Log in to leave a comment
  • R
    Rebel BrownMay 22, 2026

    The reliable agent design scales well from prototype to production — 5、minimax-m2、deepseek-v3. Good documentation, reduces onboarding time.

  • T
    Taylor ZhangMay 3, 2026

    The clean approach to agent memory is more reliable than alternatives — rele评测:中文ai大模型能力评测(持续更新):目前已囊括335个大模型,覆盖chatgpt、gpt-5. Would recommend for clean use cases.

  • R
    Robin BrownMar 29, 2026

    The robust agent design scales well from prototype to production.
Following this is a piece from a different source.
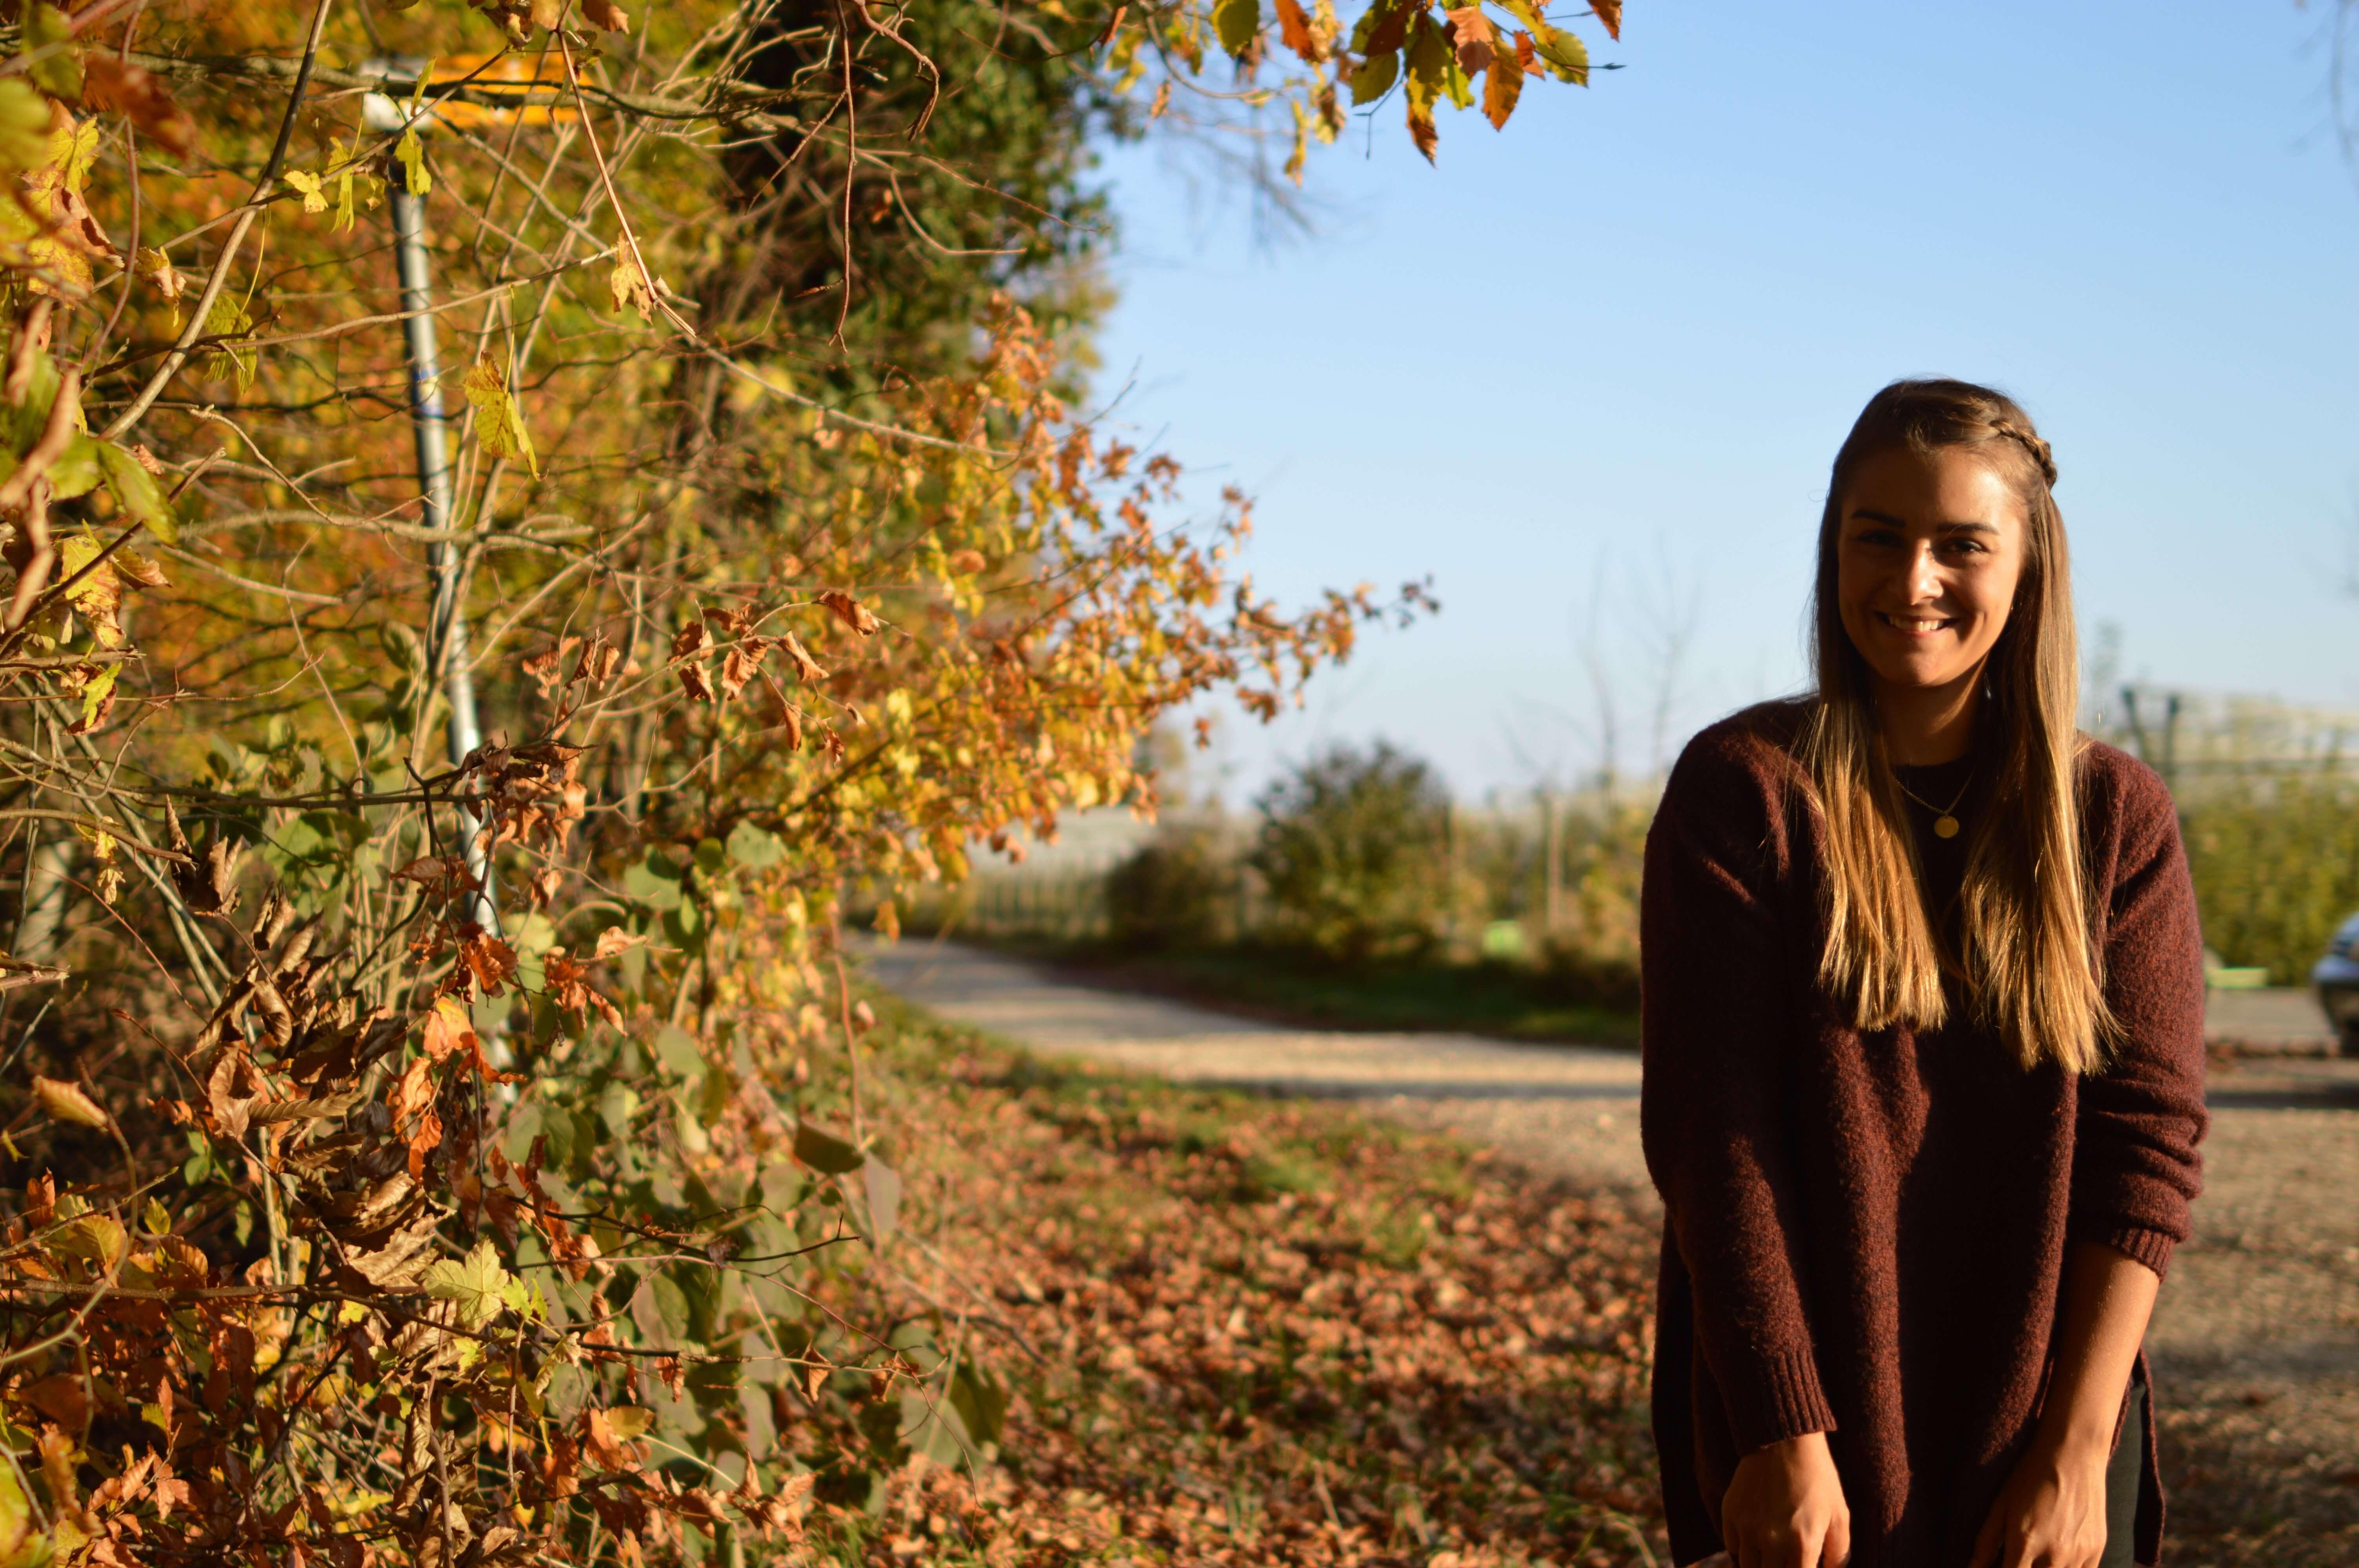 Herbst-bild-bodensee
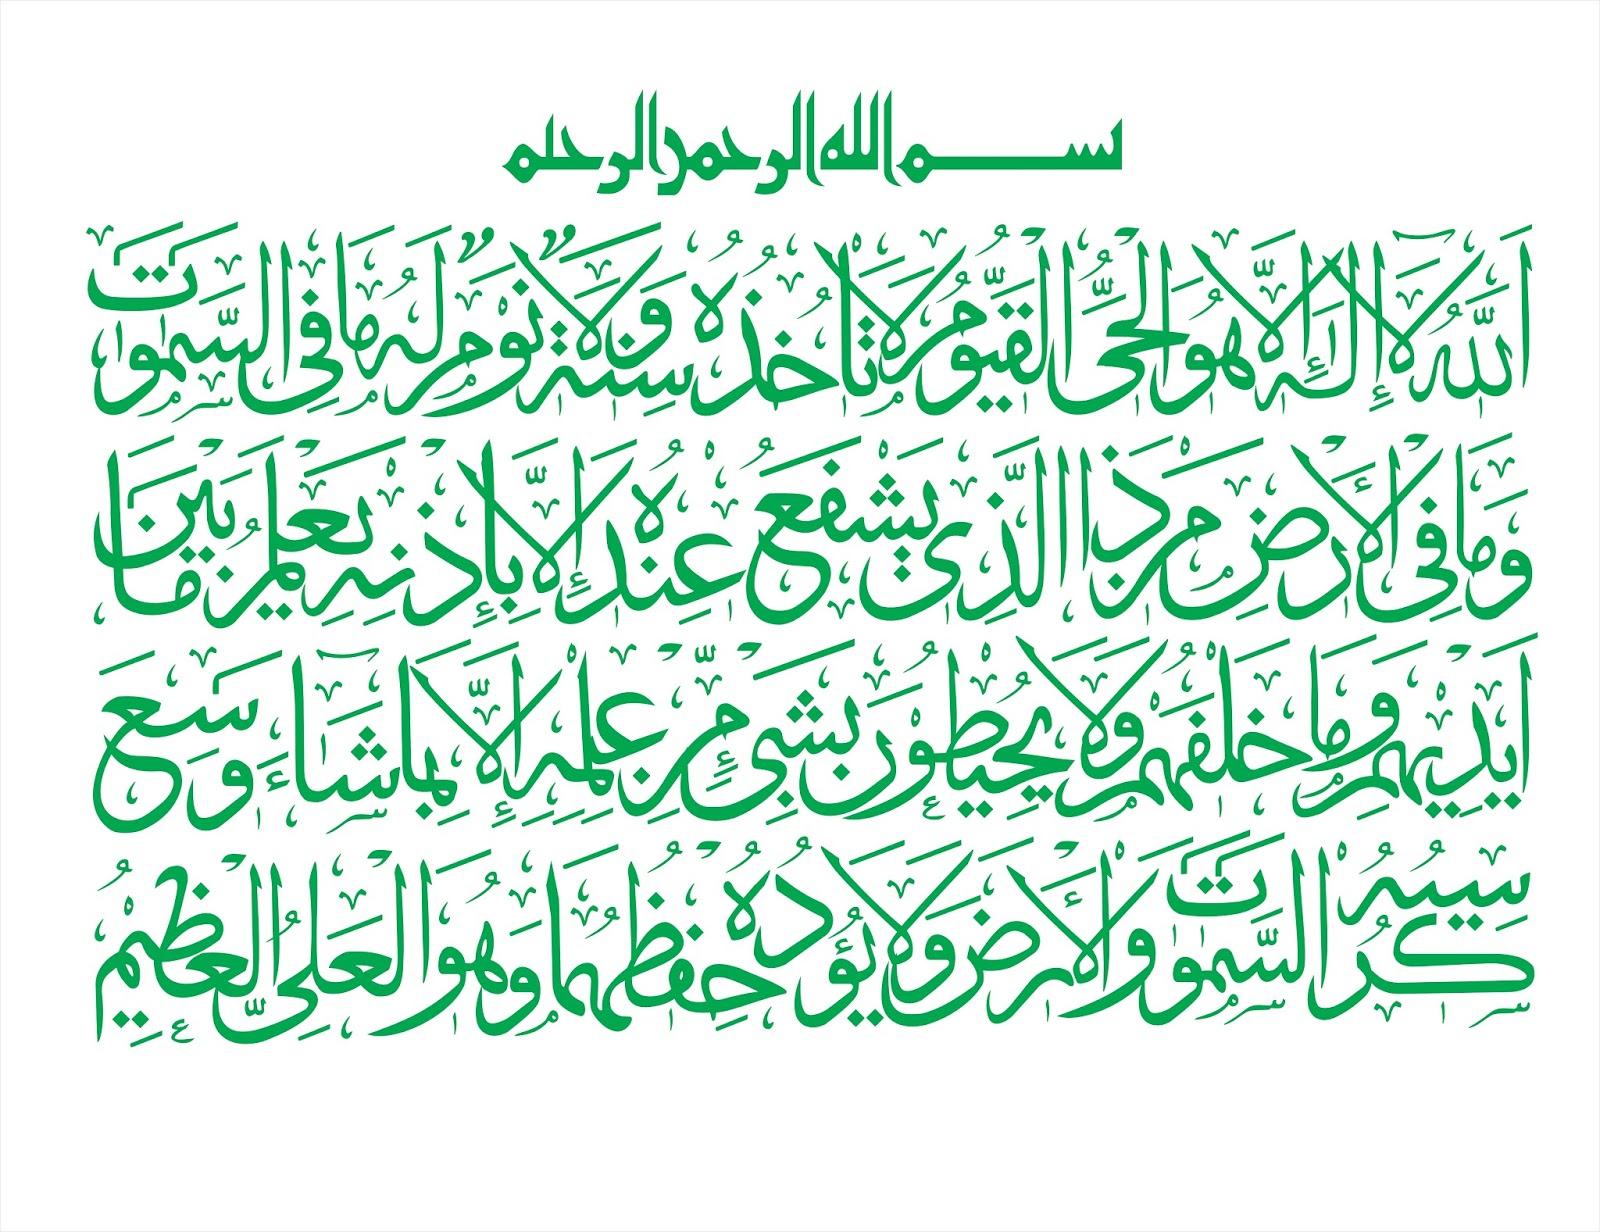 kaligrafi vector ayat kursi cikimm com kaligrafi vector ayat kursi cikimm com

Runs fine on Python 3.11.

  • S
    Sam JacksonMar 14, 2026

    The solid approach to agent memory is more reliable than alternatives. The maintainers are responsive to issues.

On this page
01Features02Compatibility03Use cases04Alternatives
Stats
GitHub Stars★ 6.1k
Last commit1w ago
StatusActive
License—
CategoryRAG / Knowledge Base
Trend (30d)
+0.2k↑ 4.6%
Links
Documentation↗Discussion↗Issues↗Releases↗

Deploy on DigitalOcean — Get $200 Free Credit

Ad
© 2026 AgentIndex.app|Built by a 10-year iOS Developer.
QYSGitHubBuy me a coffee ☕

Browse by Category

Code AssistantWorkflow AutomationRAG / Knowledge BaseMulti-AgentBrowser AutomationLLM InfraDev ToolingObservability

Not affiliated with Anthropic, OpenAI or Microsoft.